Confident that success was right around the corner, I’d taken out loans I couldn’t possibly afford in order to buy the studio space and start filling it with the supplies I needed to make masterpieces. Costs just kept adding up—insurance and electricity and air conditioning and all the tools that being an artist required. Before I knew it, I was eyeballs deep in debt and drowning.
Enter Grady. The promise of some help with the loan payments was music to my ears. “Just for a couple months, until I get going,” I’d warned him. And I’d meant it. Things had settled into a workable situation. I got back to work. But then I needed some paint or a brush, and the no he gave me was much harsher and more sudden than I’d been expecting.
Slowly, like everything else horrible in my life, it snowballed, until the studio had become a symbol of all the things I wouldn’t ever be. Still, when I was there, I could find the tiniest sense of relief. It was the last safe haven in my life.
And now that was being taken away.
“I need supplies to finish paintings,” I told him. “Then I can sell them.”
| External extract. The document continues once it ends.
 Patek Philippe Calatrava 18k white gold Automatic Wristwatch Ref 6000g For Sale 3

He chortled. “How can you know for sure? You haven’t sold anything in months. Naw, we’re gonna sell that piece of shit place. That’s the only way I’m gonna get any kind of return on all the cash I’ve sunk into it.”
“But—”
“No, shut up. It doesn’t matter. That’s what’s happening.”
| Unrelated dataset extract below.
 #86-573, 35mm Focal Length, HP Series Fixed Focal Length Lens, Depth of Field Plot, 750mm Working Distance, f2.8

It feels like all the sound has been sucked out of the world. I sink low into my seat, trying to wrap my head around what the loss of my studio would mean.
It will be the loss of everything. Once this last link is severed, I’m all alone in Grady’s world. It’s a world of fists and drunken anger and I won’t have any recourse from it, not a single avenue of escape.
Well, except for one: Mortar.
I think about the kiss and as I do, I feel the phantom heat creeping over my skin again. It’s tantalizing. “I don’t break promises,” he’d said. I believe him. He said he’d protect me from Grady. I believe that, too. I believe he would try, at least.
But then I look over at the man to my left, and I realize that there is no one in the world I could trust to keep me safe from him.
I feel a sudden heat on my mouth, and a fingertip touched against my lip comes away wet with blood. I’ve chewed my busted lip open without even noticing. As I fumble for a tissue in my purse, Grady looks over and sees the injury. Some twisted expression, halfway between a grin and a scowl, takes over his face.
“Had a g
ood time last night, did you?”
“It was fine.”
“You and that biker sleaze seemed to be having an awfully interesting conversation.”
“It wasn’t anything.”
He smacks a flat palm against the steering wheel. “Like hell it wasn’t!”
“Grady, it wasn’t anything. You overreacted.”
He pauses. His sudden coolness scares me. I’m used to explosions from him. This icy glee is something new and frightening.
“No, I didn’t overreact. It made me realize something, actually.” I wait, too scared to say a word. The other shoe is about to drop. I can hear my pulse in my ears. “And I made a decision.”